Policy restrictions. The physicians who were treating addiction patients with buprenorphine mentioned this issue more frequently. The current policy states that a maximum of 30 patients can be treated in any medical practice. The number 30 is arbitrary, and some physicians expressed frustration. “I prescribe all kinds of things that are much more dangerous,” one doctor commented. The intent of the limit was to prevent any one office from becoming a prescription mill, but no evidence supports a specific number of patients as appropriate for one office to manage.

These concerns may explain the sluggish adoption of buprenorphine treatment, Dr. Fiellin said. “We have been working on a physician clinical support system to provide physician mentors,” he noted. Office-based buprenorphine treatment has promise, and clinical support in the form of a mentorship program may help expand care.

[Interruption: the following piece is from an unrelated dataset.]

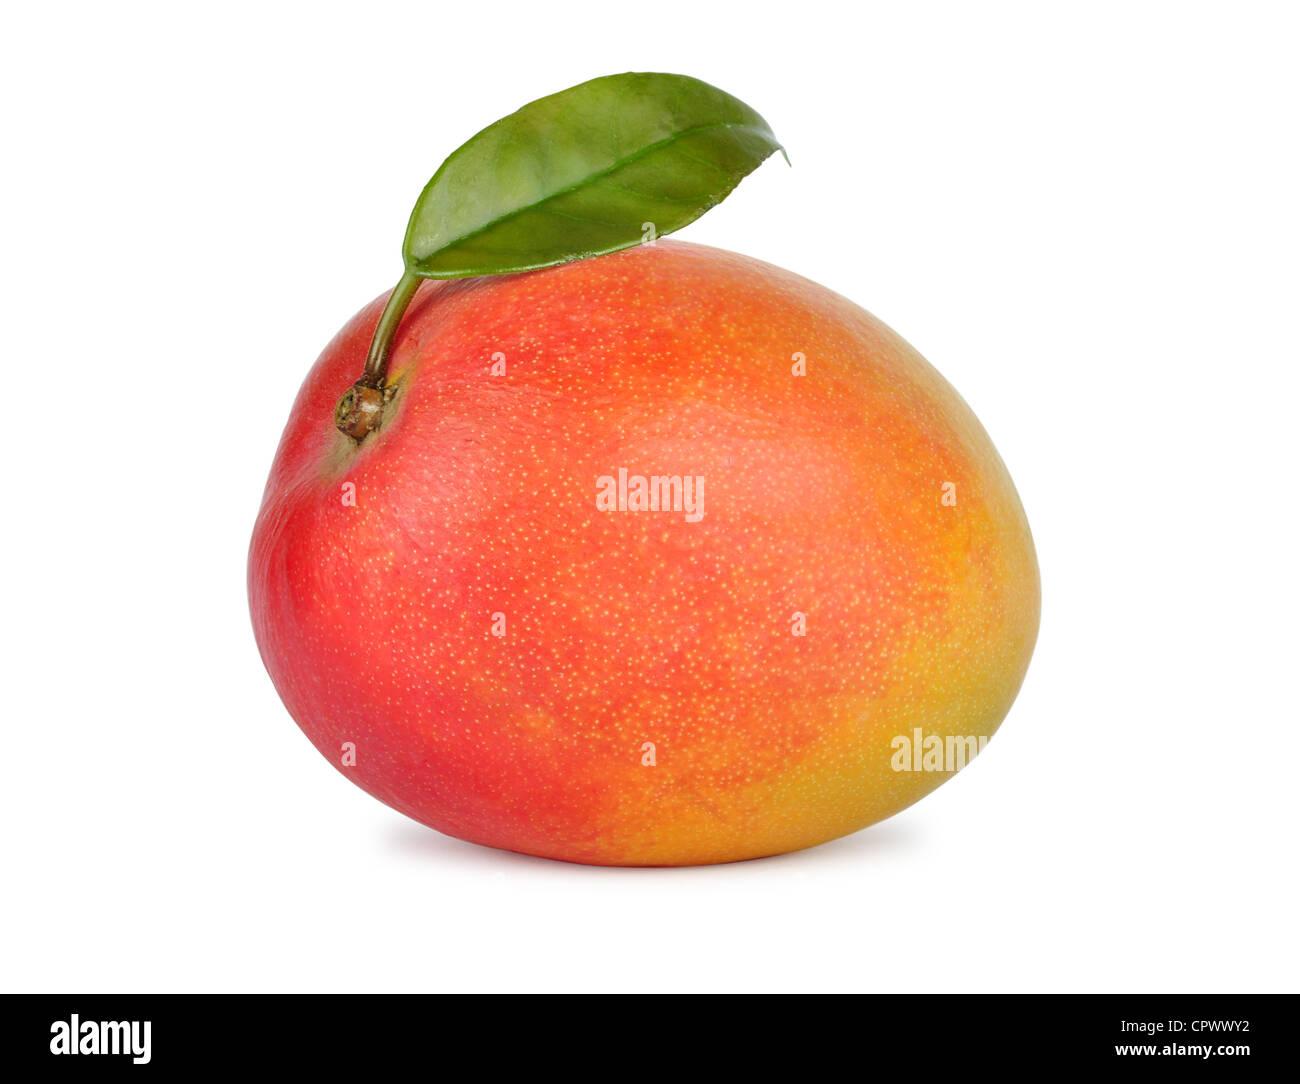 Ripe fresh mango fruit isolated on white background - Stock Image

An outreach plan, the Physician Clinical Support System, funded by SAMHSA, calls for medical societies to have information for physicians at buprenorphine training events, with local mentors available to whom they can pose questions after the training. Concerns about undesirable patients are unwarranted, because patients with addiction problems are often already part of any patient population, Dr. Fiellin said.

Location of training programs is another concern. Most buprenorphine prescribers are in the Northeast and on the West Coast. Although locations have not always been convenient for physicians, online training courses are also available.

Cost is an issue as well. The science behind buprenorphine is solid, but the financing remains in flux, in part because the cost has not been standardized. Payment for the treatment varies, with some providers taking insurance and others taking cash.